Required work
Look through the entries below for the line with "Ramirent Shared Services" and the line with "Chosen - Måneskin", then give again exactly those two lines and all lines between them, minus the pictures.

Recorded data
══════════════════════════════

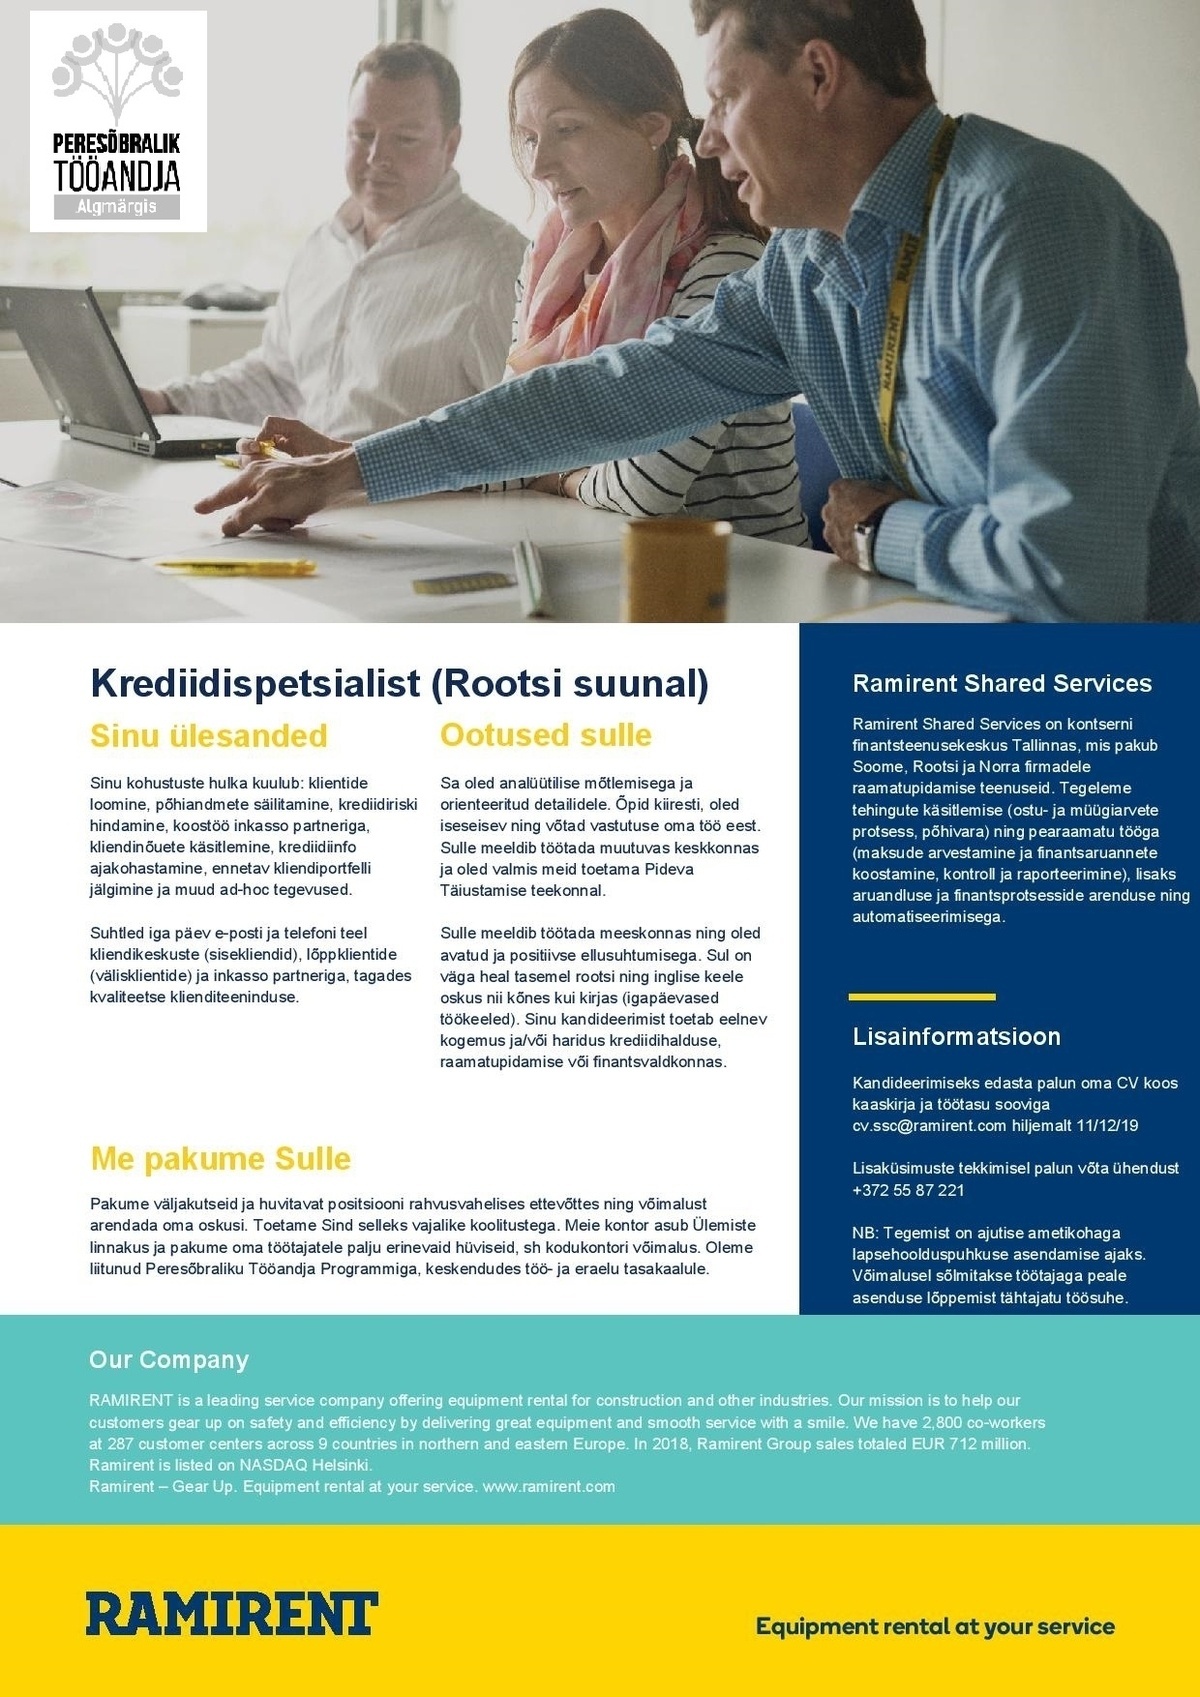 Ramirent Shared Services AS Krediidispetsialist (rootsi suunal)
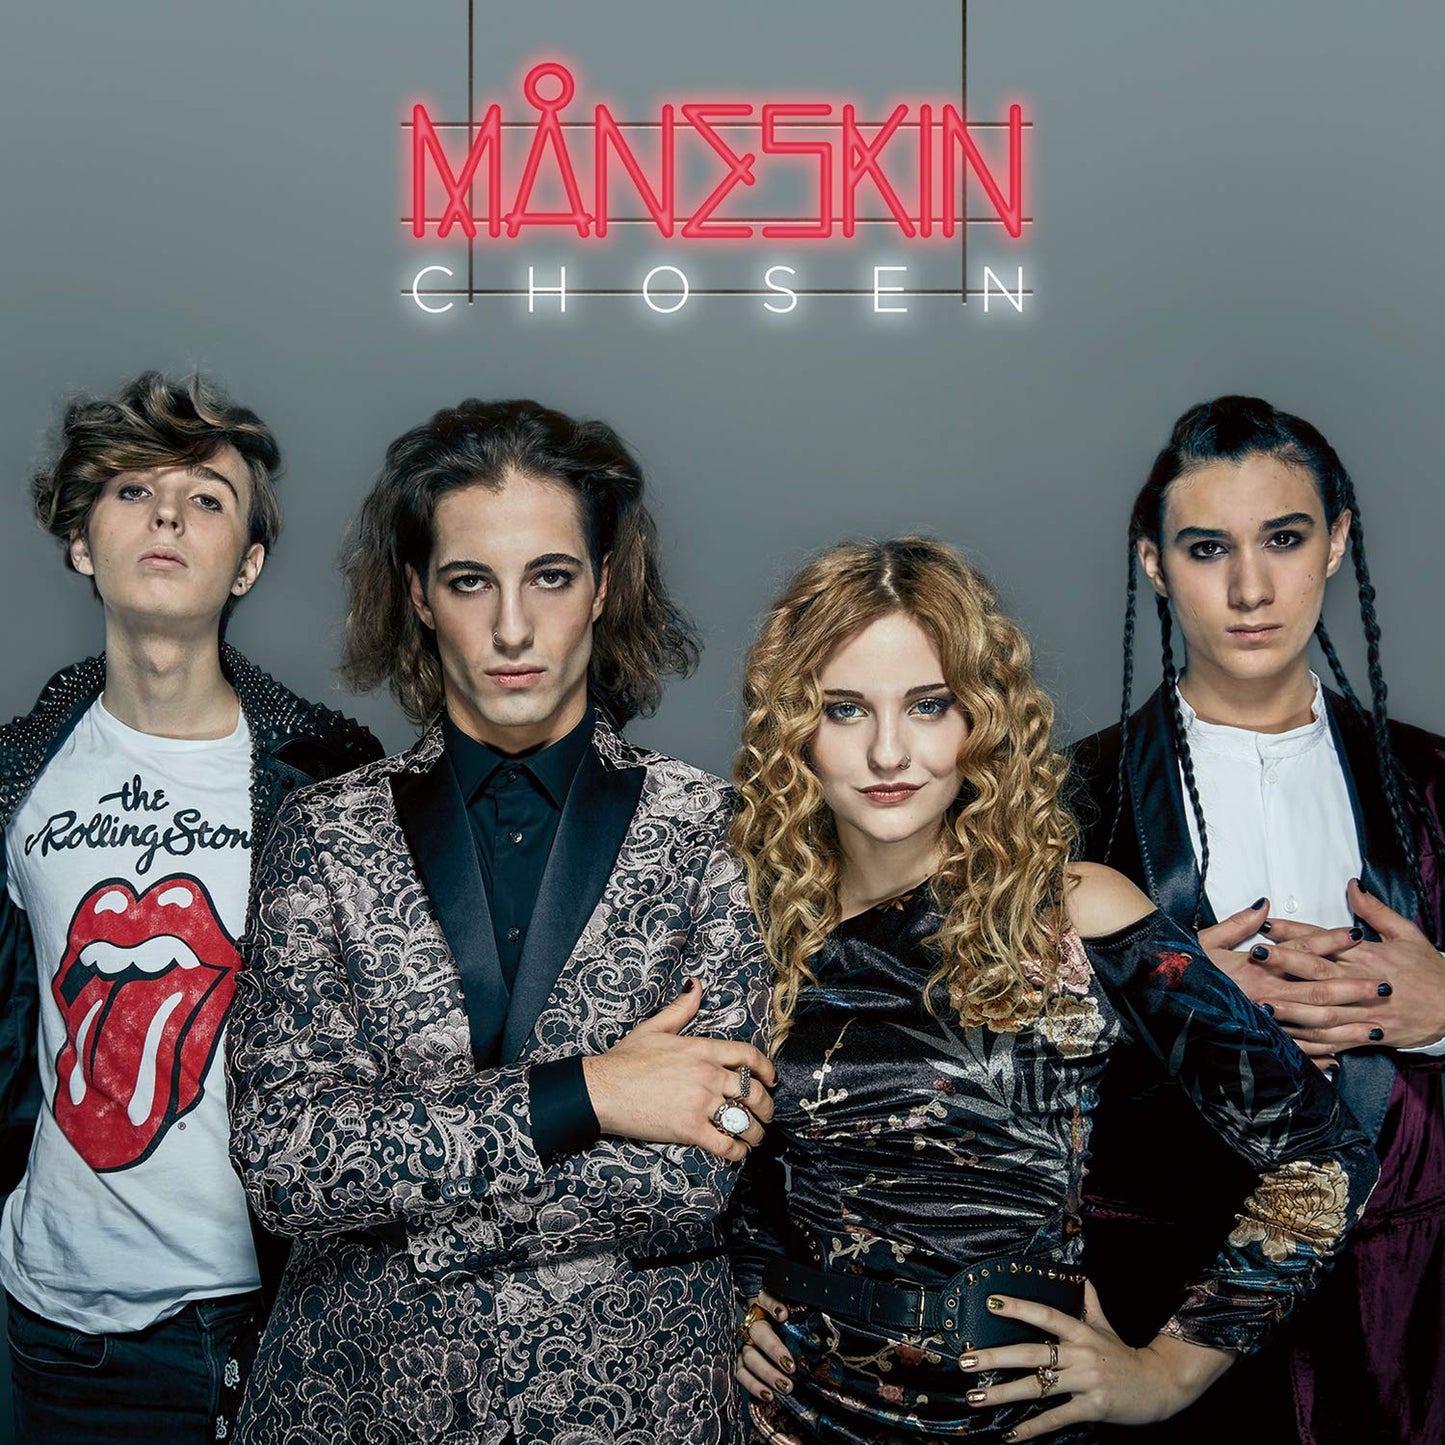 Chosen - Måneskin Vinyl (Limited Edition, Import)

══════════════════════════════

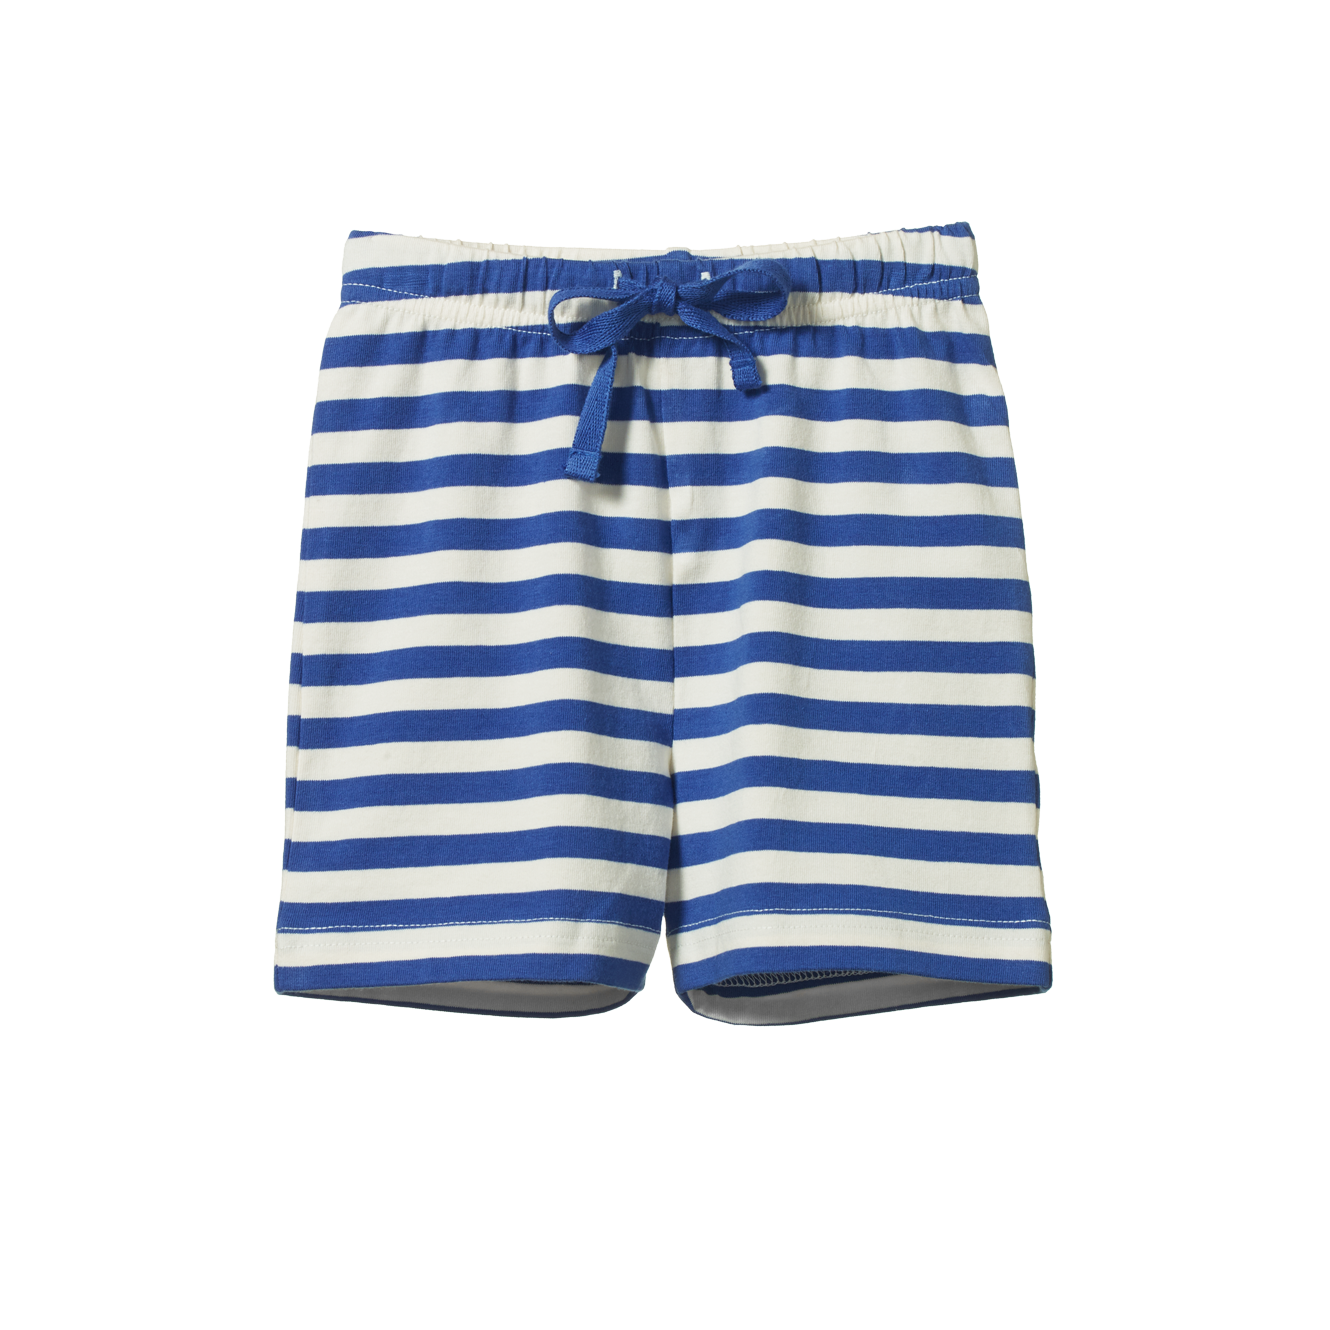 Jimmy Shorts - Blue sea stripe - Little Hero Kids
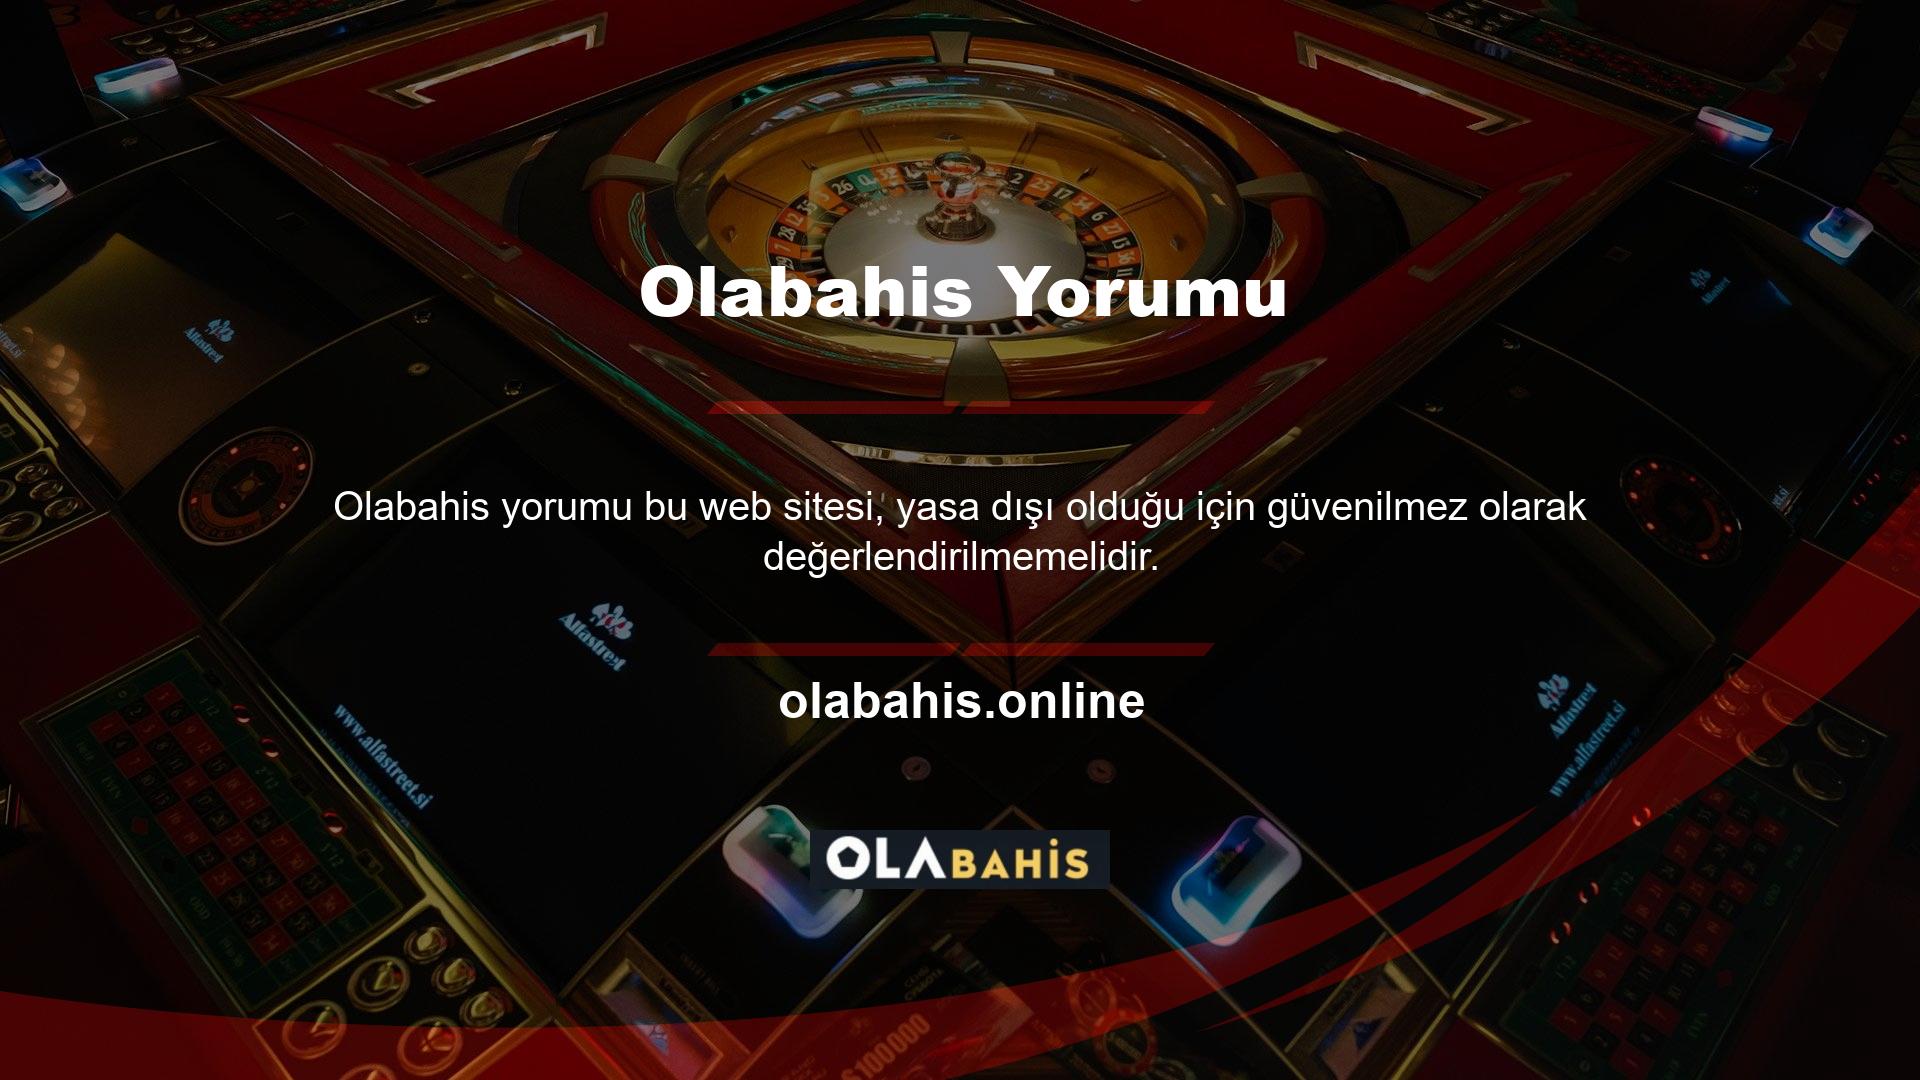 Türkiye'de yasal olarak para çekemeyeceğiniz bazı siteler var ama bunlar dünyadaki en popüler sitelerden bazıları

══════════════════════════════

Reply
 Ramirent Shared Services AS Krediidispetsialist (rootsi suunal)
 Chosen - Måneskin Vinyl (Limited Edition, Import)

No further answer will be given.